Non-limiting examples of Cas proteins include Cas1, Cas1B, Cas2, Cas3, Cas4, Cas5, Cas6, Cas7, Cas8, Cas9 (also known as Csn1 and Csx12), Cas1O, Csy1, Csy2, Csy3, Cse1, Cse2, Csc1, Csc2, Csa5, Csn2, Csm2, Csm3, Csm4, Csm5, Csm6, Cmr1, Cmr3, Cmr4, Cmr5, Cmr6, Csb1, Csb2, Csb3, Csx17, Csx14, Csx1O, Csx16, CsaX, Csx3, Csx1, Csx15, Csf1, Csf2, Csf3, Csf4, homologs thereof, or modified versions thereof. These enzymes are known; for example, the amino acid sequence of S. pyogenes Cas9 protein may be found in the SwissProt database under accession number Q99ZW2 and in the NCBI database as under accession number Q99ZW2.1. UniProt database accession numbers A0A0G4DEU5 and CDJ55032 provide another example of a Cas9 protein amino acid sequence. Another non-limiting example is a Streptococcus thermophilus Cas9 protein, the amino acid sequence of which may be found in the UniProt database under accession number Q03JI6.1. In some embodiments, the unmodified CRISPR enzyme has DNA cleavage activity, such as Cas9. In certain embodiments, the CRISPR enzyme is Cas9, and may be Cas9 from S. pyogenes or S. pneumoniae. In various embodiments, the CRISPR enzyme directs cleavage of both strands at the location of a target sequence.
In general, a guide sequence is any polynucleotide sequence having sufficient complementarity with a target polynucleotide sequence to hybridize with the target sequence and direct sequence-specific binding of a CRISPR complex to the target sequence. In some embodiments, the degree of complementarity between a guide sequence and its corresponding target sequence, when optimally aligned using a suitable alignment algorithm, is about or more than about 50%, 60%, 75%, 80%, 85%, 90%, 95%, 97.5%, 99%, or more. In some embodiments, the degree of complementarity is 100%.
Gene editing nucleases, including ZFN have been described in Bhakta, M. et al., Genome Research 23:530-538; 2013, and Beerli, R. et al., Proc. Natl. Acad. Sci v. 95 pp 14628-14633; 1998, TAL has been described in Cermak, T. et al., Nucleic Acids Research 2011, v. 39, no. 12, Miller, J. et al., Nature Biotechnology vol. 29 no. 2; 2011, Christian, M. et al., Genetics 186:757-761; 2010, Deng, D. et al, Science 2012: v. 335 p. 720, and Boch, J. et al., Science 2009: v. 326 p. 1509, the entire content of each of which is incorporated herein by reference.

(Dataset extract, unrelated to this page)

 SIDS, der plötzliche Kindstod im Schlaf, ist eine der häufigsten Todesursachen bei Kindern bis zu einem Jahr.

Additionally, Cre has been described in Chevalier, B. et al., Nucleic Acids Research 2001, v. 29 no. 18, the entire content of which is incorporated herein by reference. MegaTal has been described in Sather, B. et al Sci Transl Med 7(307) 2015, Ibarra, G. et al., Molecular Therapy-Nucleic Acids (2016) 5, e352, Osborn, M. et al., Molecular Therapyv. 24 no. 3, 570-581 (2016); Wang, Y. et al., Nucleic Acid Research 2014; v. 42, 6463-6475; and Gaj, T. et al., Cold Spring Harbor Perspectives in Biology 2015, each of which is incorporated herein by reference.

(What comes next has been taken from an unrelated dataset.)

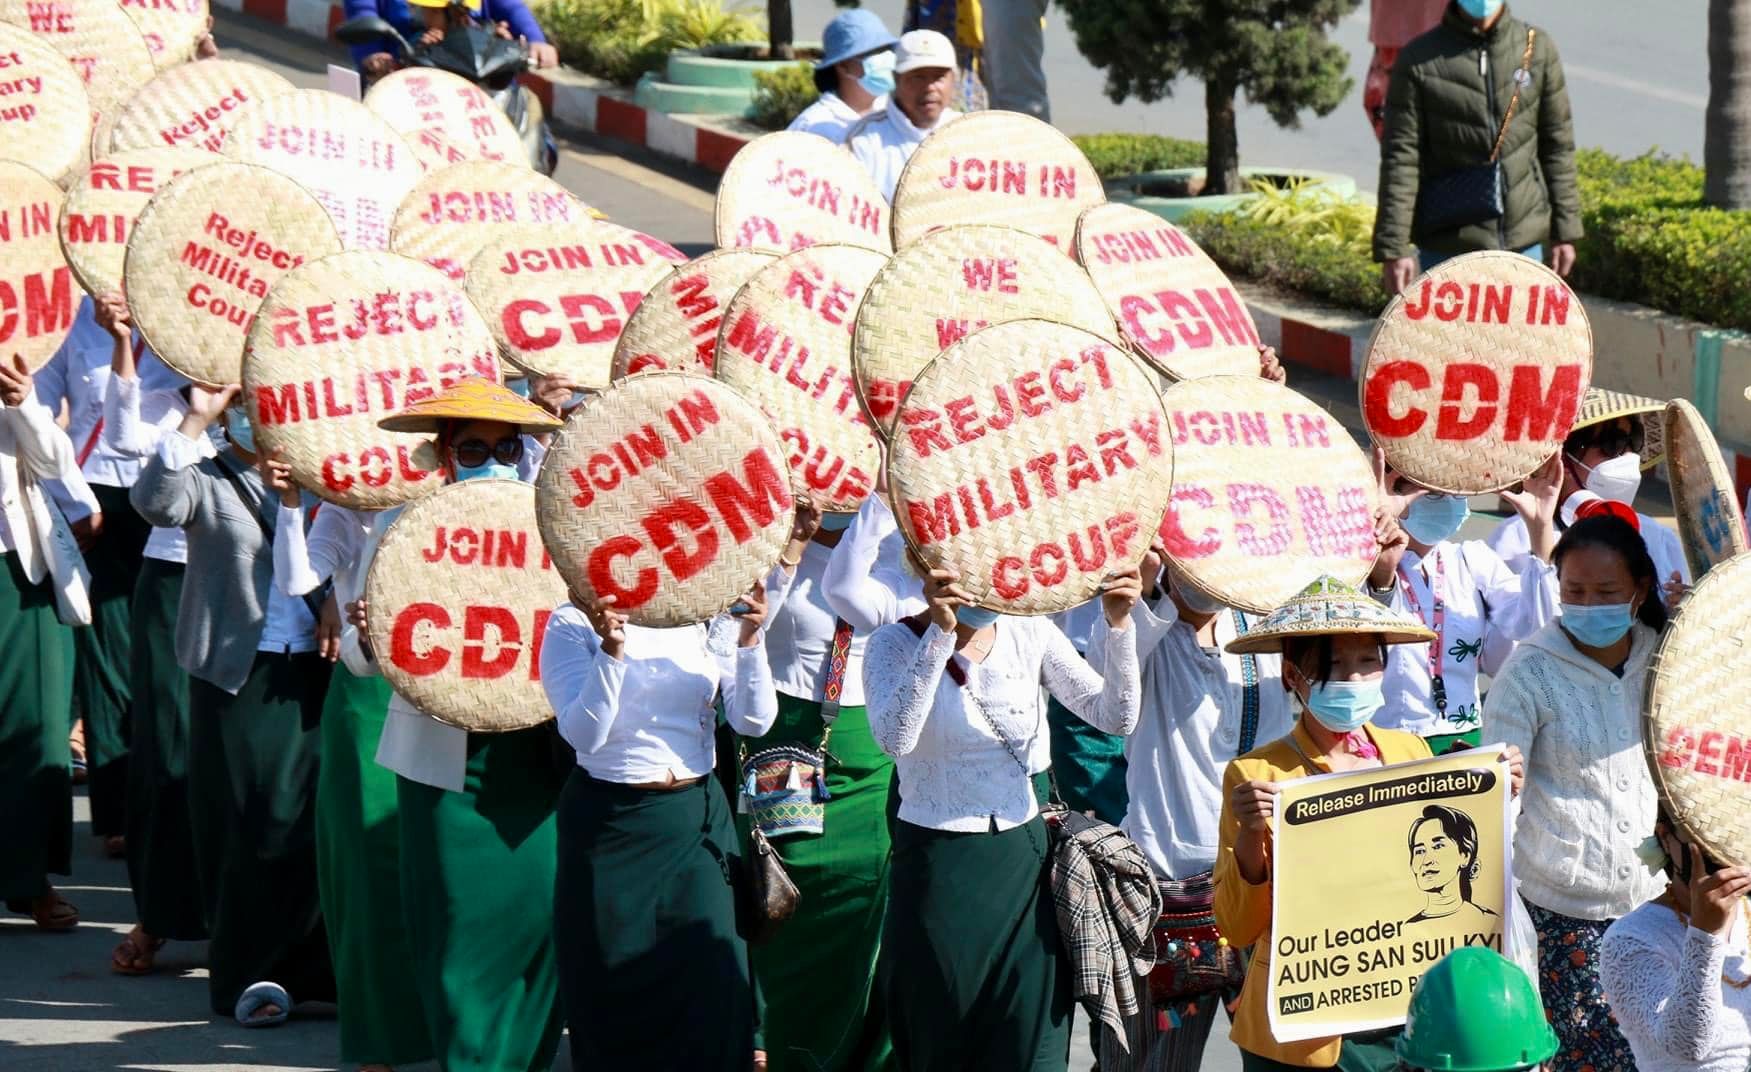 (စစ်အာဏာရှင်ဆန့်ကျင်ရေးအဖြစ် ဆရာ၊ဆရာမများက CDM ပြုလုပ်၍ ချီတက်ဆန္ဒပြနေသည် ကို ၂၀၂၁ဖေဖော်ဝါရီ ၂၃ရက်က တွေ့ရစဉ်၊ ဓာတ်ပုံ - CJ)

In some embodiments, the cells are primary cells, cell line, or immortalized cells. For example, the cells may include mesenchymal stem cells, lung cells, neuronal cells, fibroblasts, human umbilical vein (HUVEC) cells, and human embryonic kidney (HEK) cells, primary or immortalized hematopoietic stem cell (HSC), T cells, natural killer (NK) cells, cytokine-induced killer (CIK) cells, human cord blood CD34+ cells, and B cells. Non-limiting examples of T cells may include CD8+ or CD4+ T cells. In some aspects, the CD8+ subpopulation of the CD3+ T cells are used. CD8+ T cells may be purified from the PBMC population by positive isolation using anti-CD8 beads. In some embodiments, primary NK cells are isolated from PBMCs, or NK cell lines, e.g., NK92 may be used. Cell types also include cells that have previously been modified for example T cells, NK cells and MSC to enhance their therapeutic efficacy. For example: T cells or NK cells that express chimeric antigen receptors (CAR T cells, CAR NK cells, respectively); T cells that express modified T cell receptor (TCR); or engineered MSCs.

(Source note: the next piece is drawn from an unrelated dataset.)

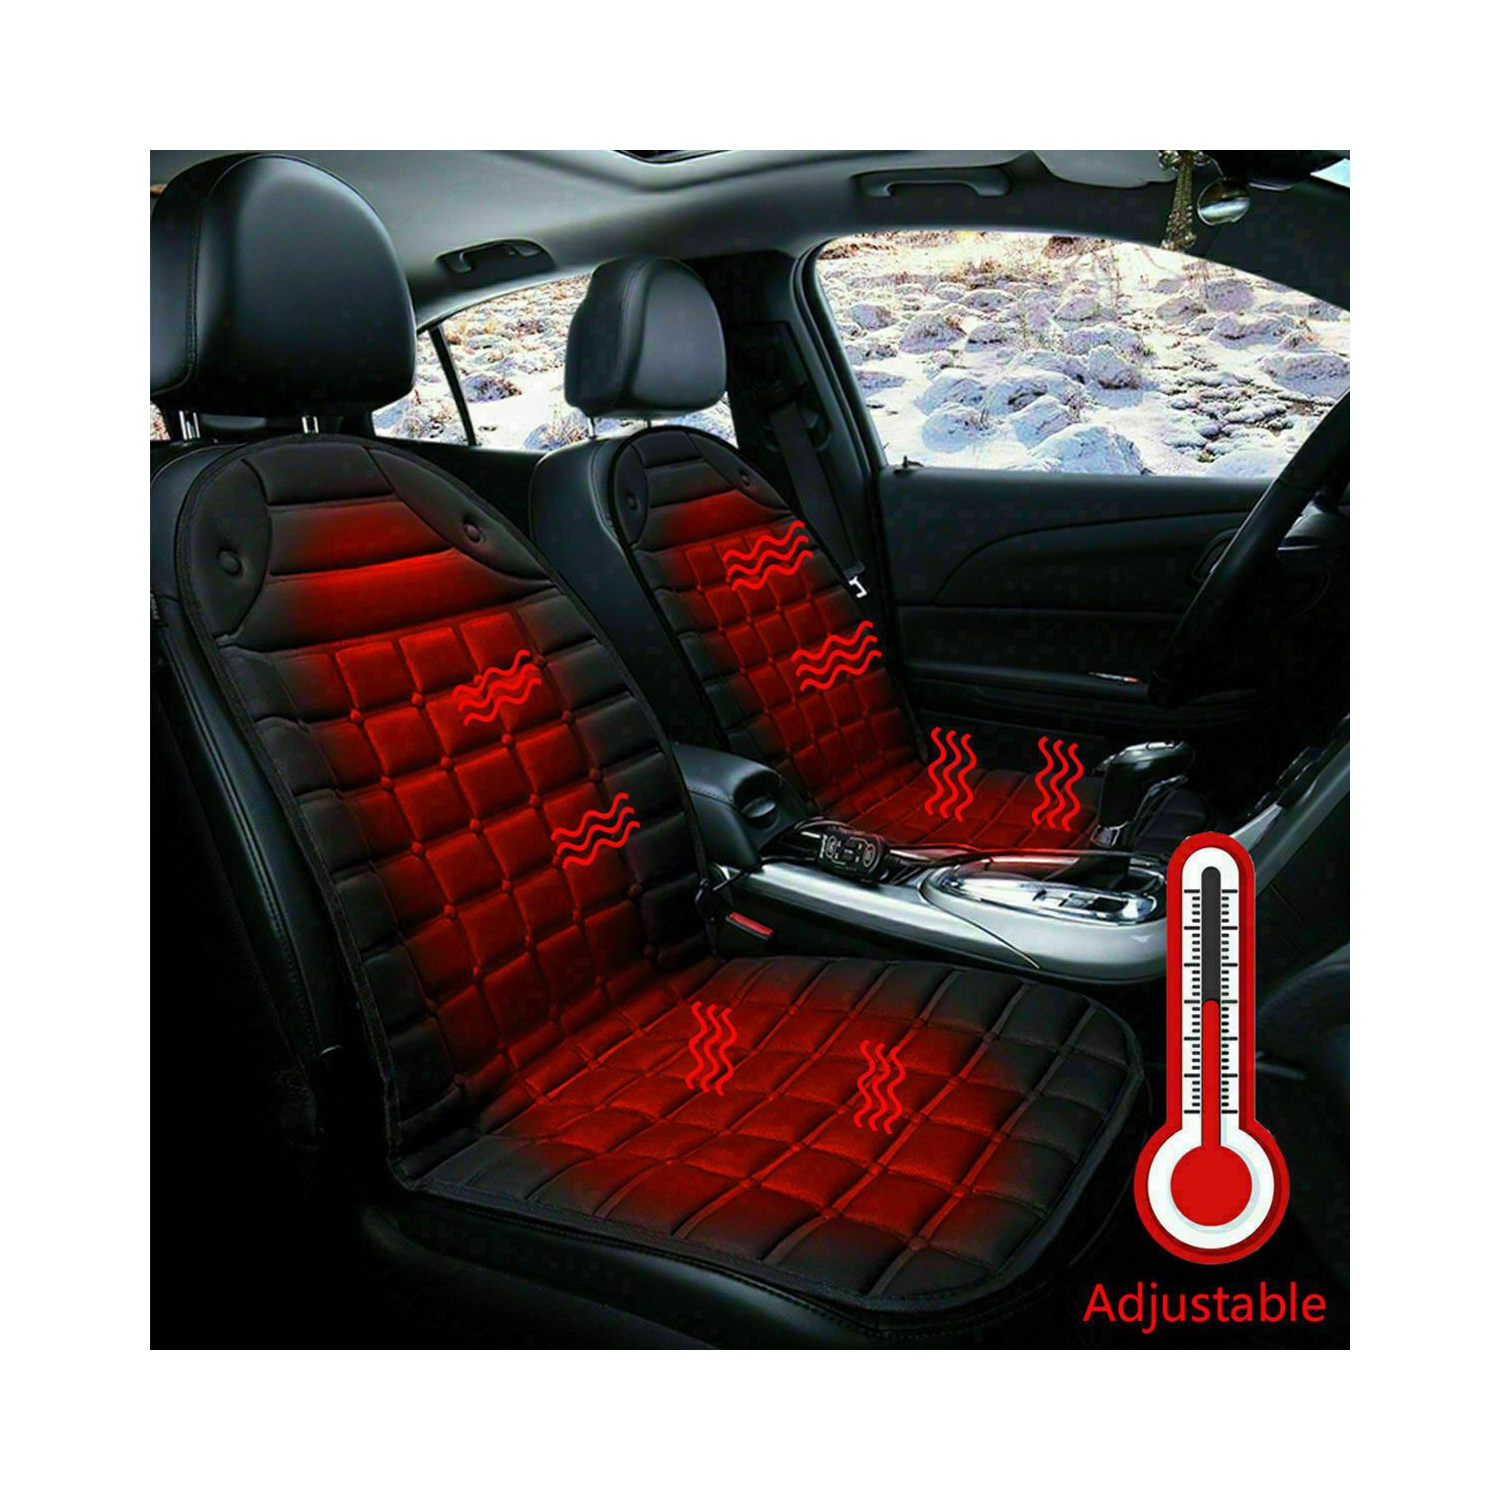 Premium housse de siège chauffante, modèle Caldo - Dossier et assise  chauffants individuellement, 2 niveaux de chauffage au choix, chauffage de  siège auto avec prise 12 volts, Coussin de siège

Also provided are apparatus, devices, systems, compositions, kits, and articles of manufacture for any one of the methods of quantification, multiplex dPCR assays (e.g., multiplex drop-off dPCR assays), methods of treatment, and methods of diagnosis described herein.
Input device 1020 can be any suitable device that provides input, such as a touch screen, keyboard or keypad, mouse, or voice-recognition device. Output device 1030 can be any suitable device that provides output, such as a touch screen, haptics device, or speaker.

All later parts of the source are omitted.